SUPPLIED MATERIAL
- Opening Delimiter -

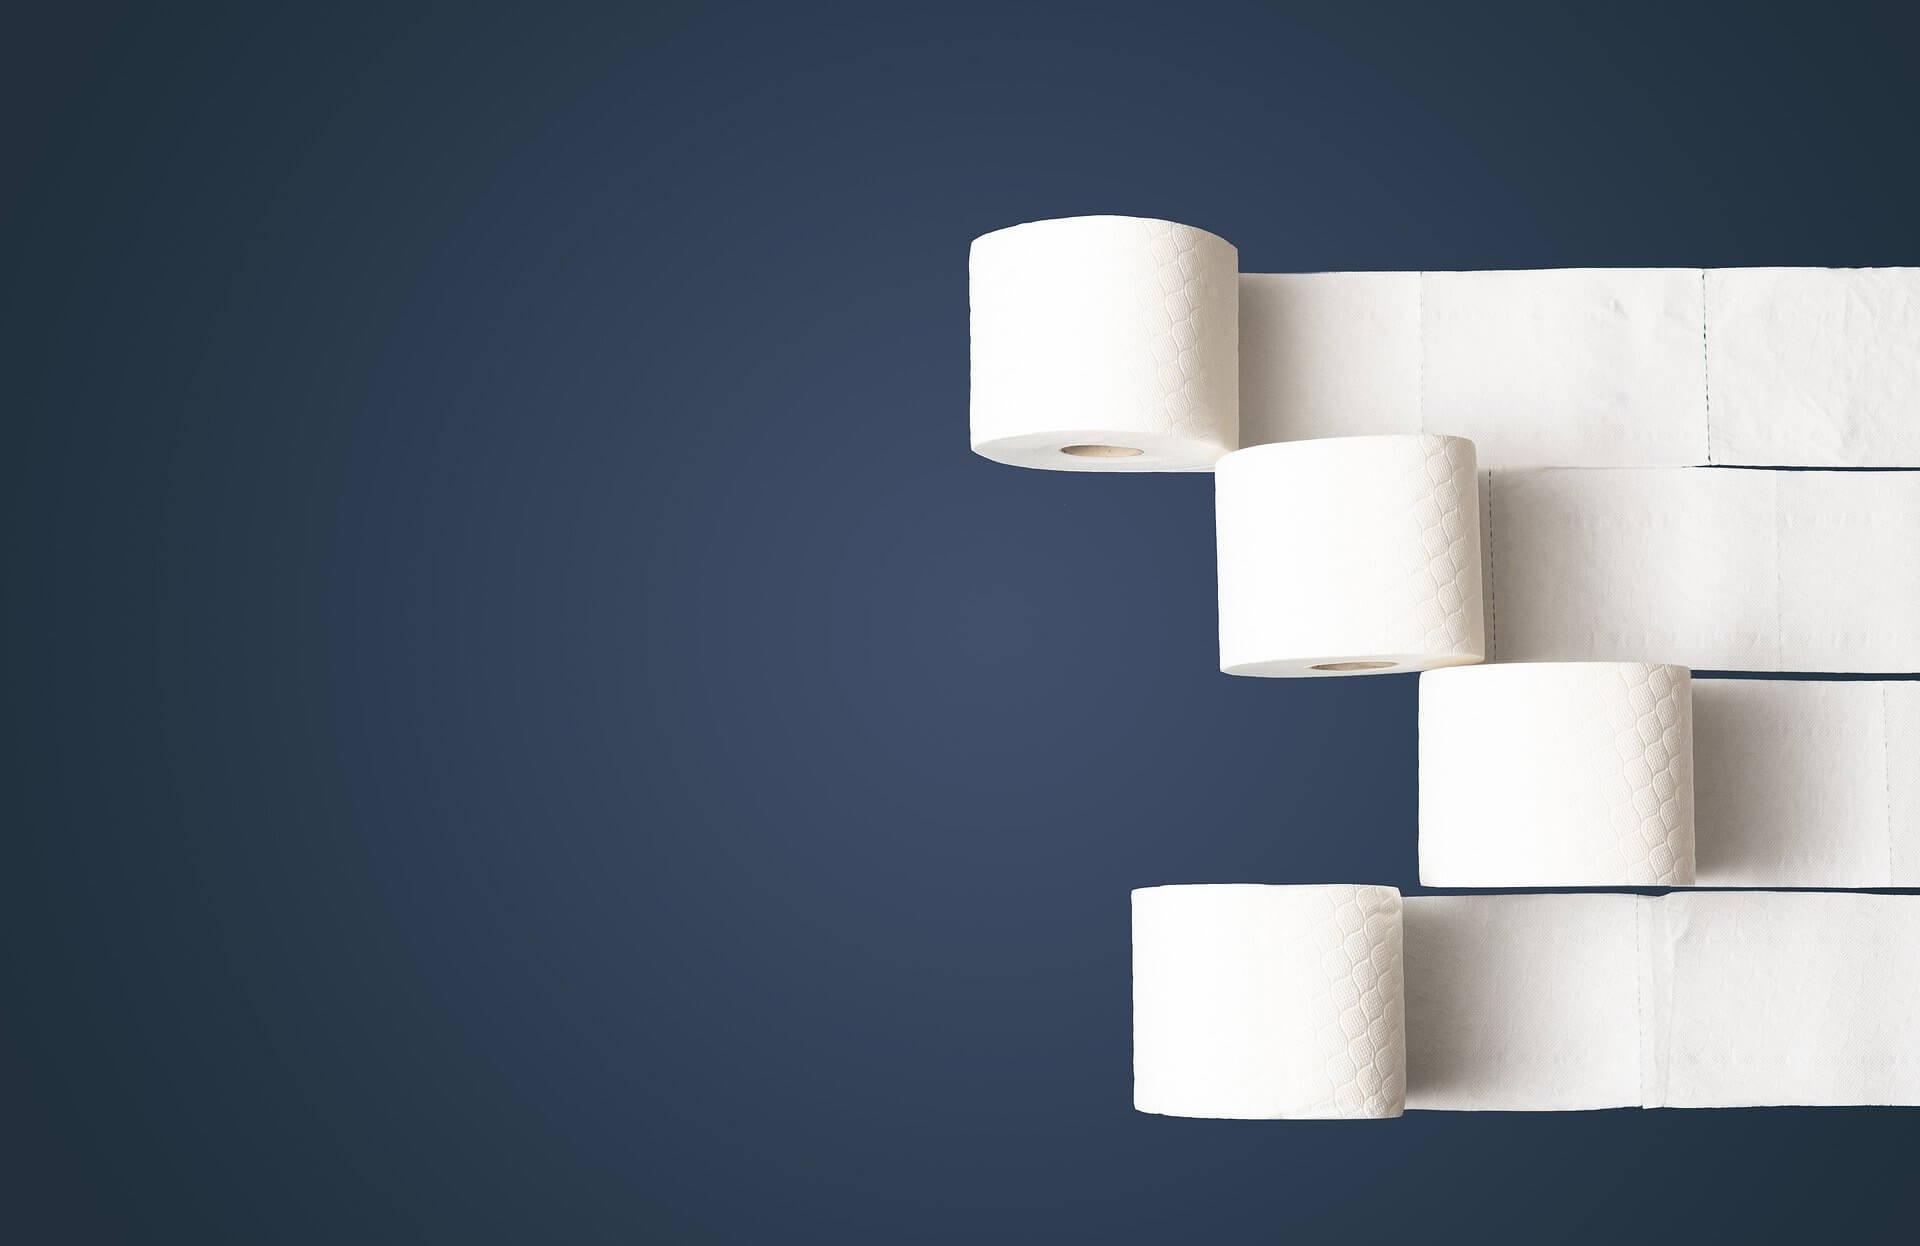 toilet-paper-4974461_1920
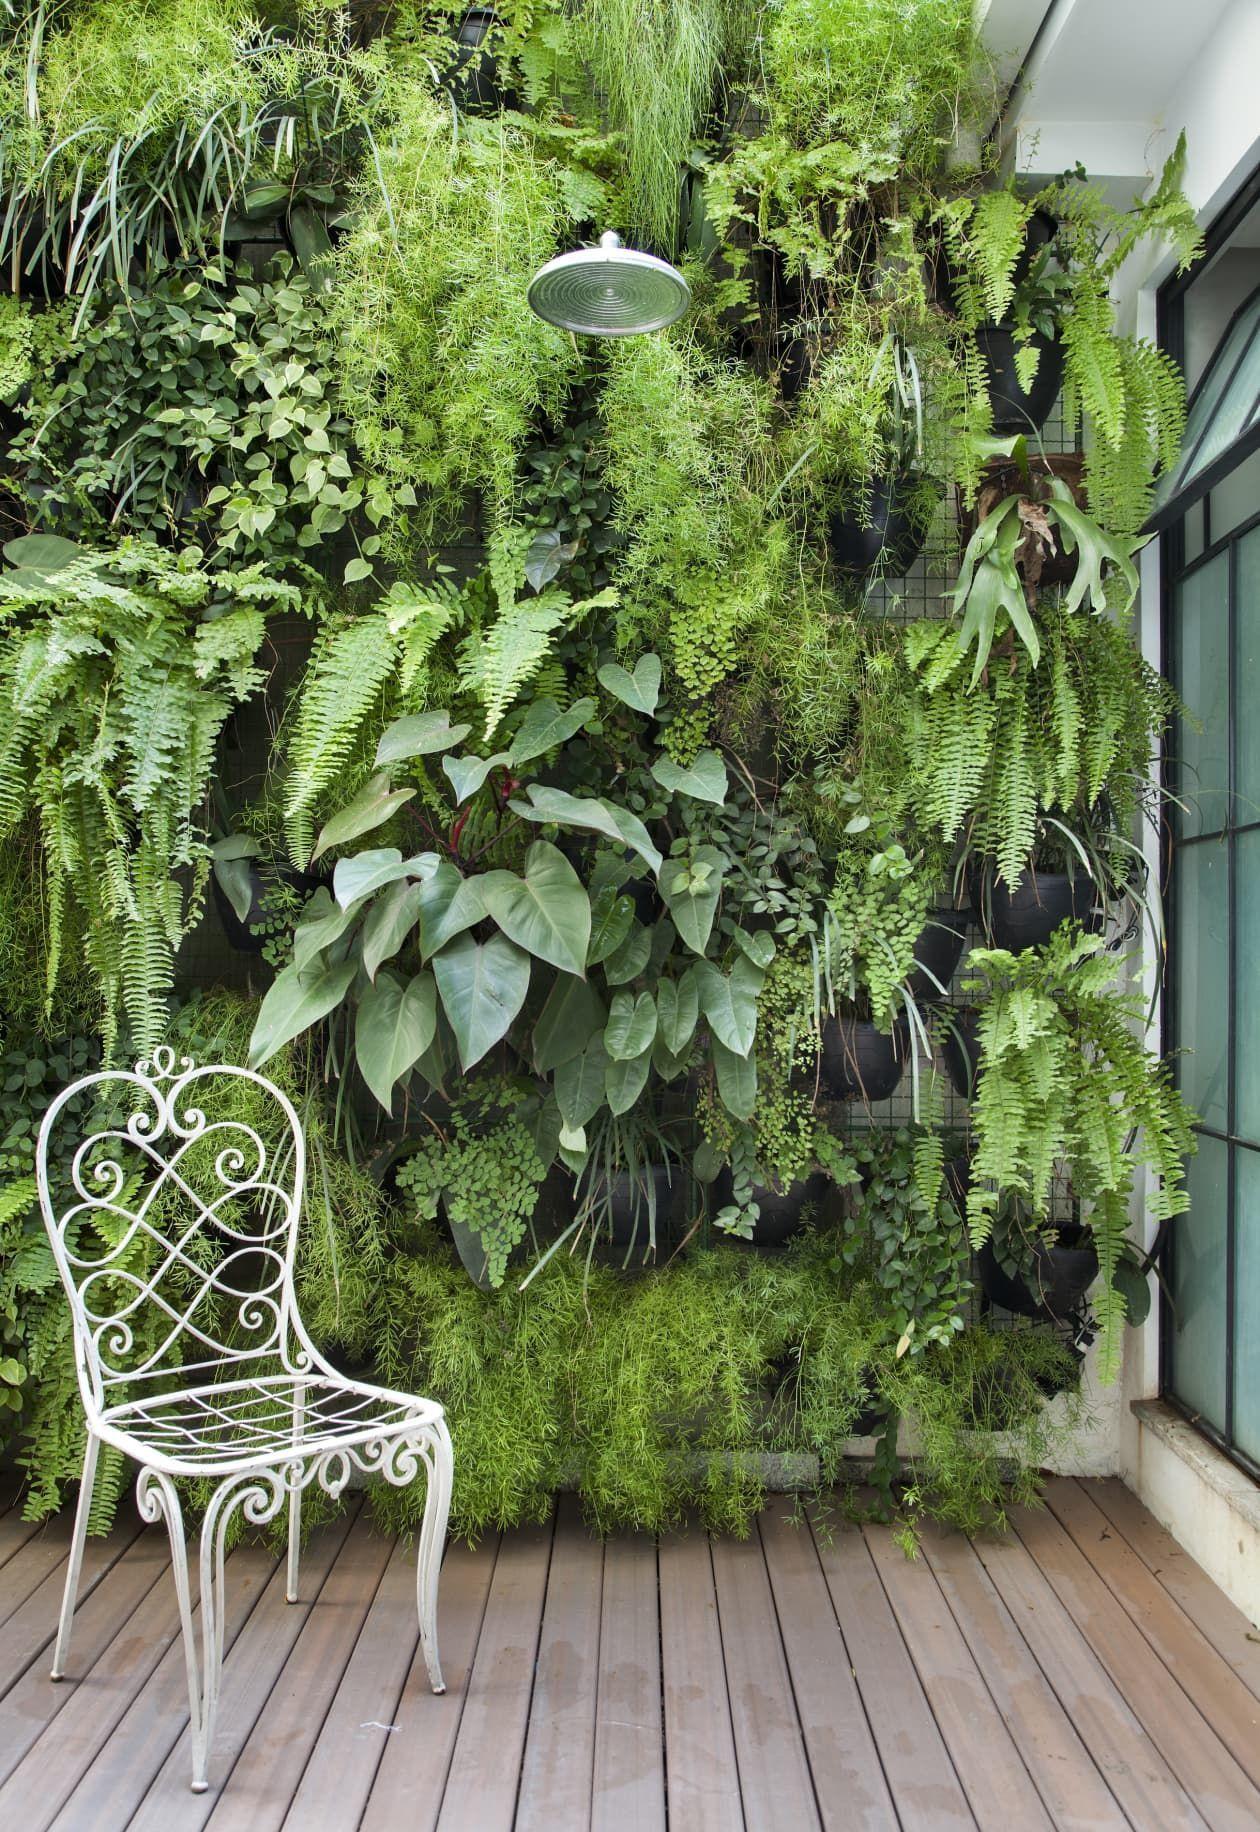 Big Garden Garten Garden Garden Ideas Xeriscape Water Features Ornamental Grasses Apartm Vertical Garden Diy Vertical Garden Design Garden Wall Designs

- Closing Delimiter -
- Opening Delimiter -

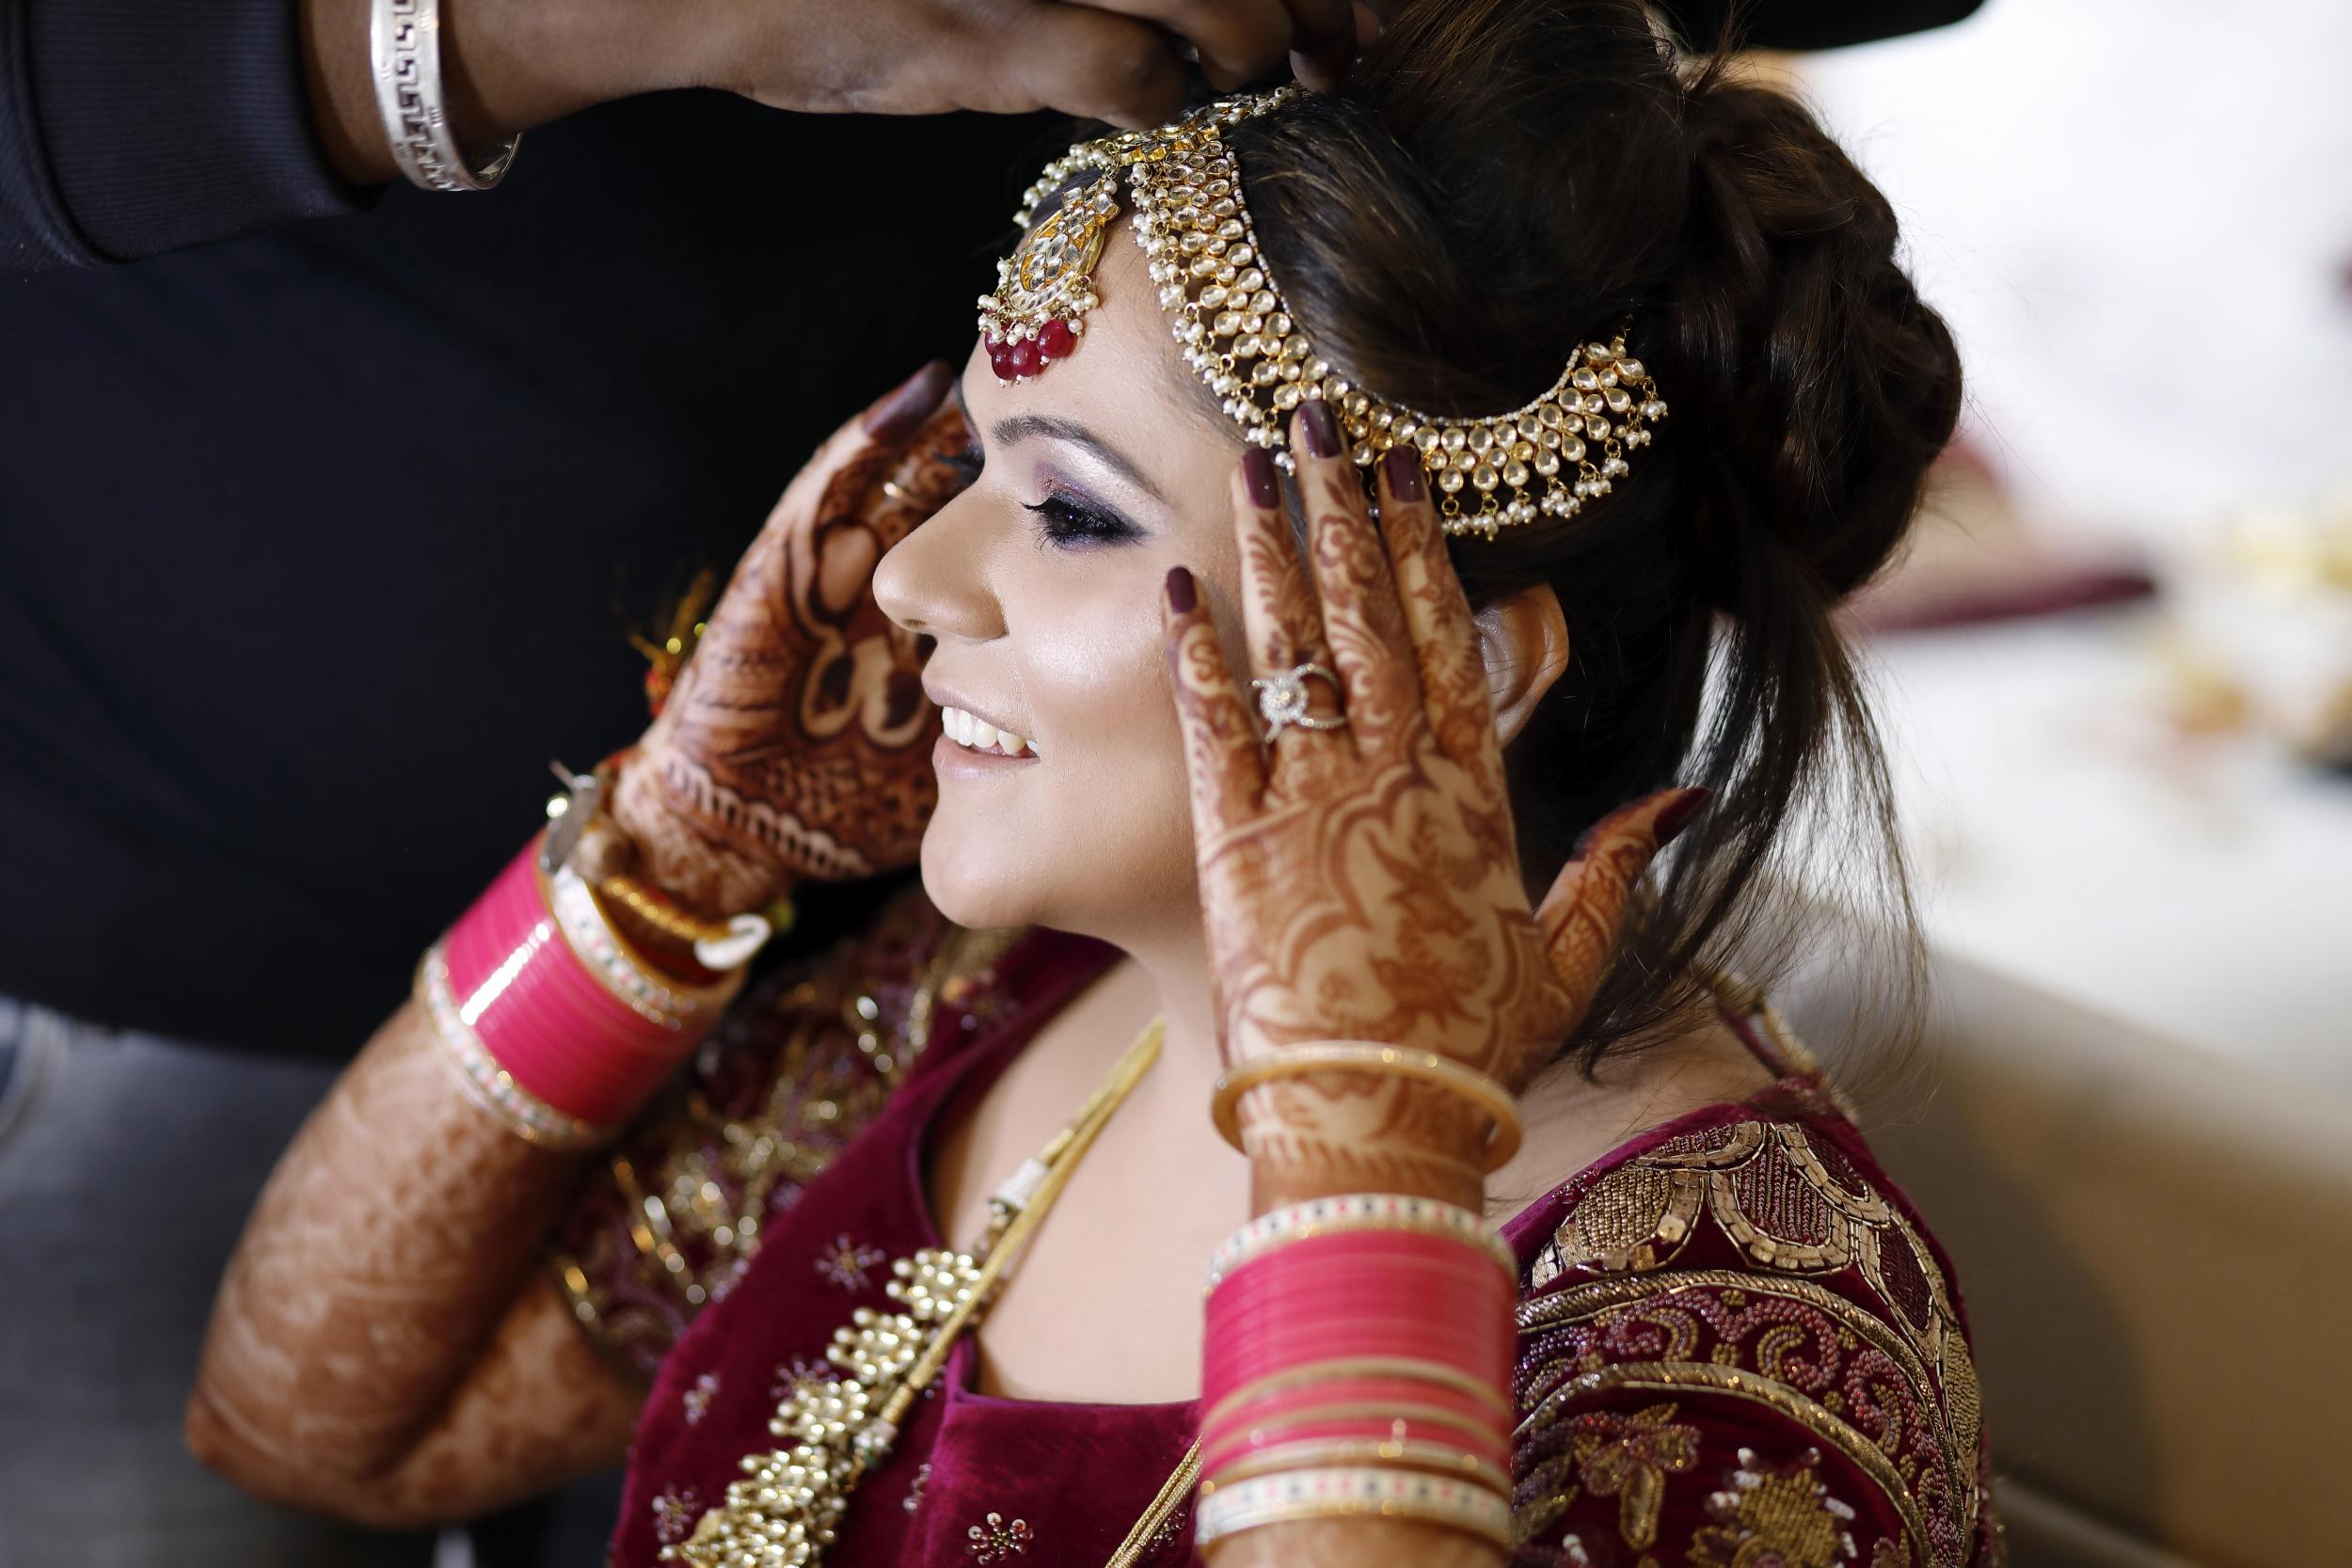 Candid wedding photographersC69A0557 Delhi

- Closing Delimiter -

YOUR OBJECTIVE
Look above for the line containing "toilet-paper-4974461_1920", then write out every line from there down to the line containing "Big Garden Garten", that line included, with no pictures.

RESULT OF THIS EXERCISE
 toilet-paper-4974461_1920
 Big Garden Garten Garden Garden Ideas Xeriscape Water Features Ornamental Grasses Apartm Vertical Garden Diy Vertical Garden Design Garden Wall Designs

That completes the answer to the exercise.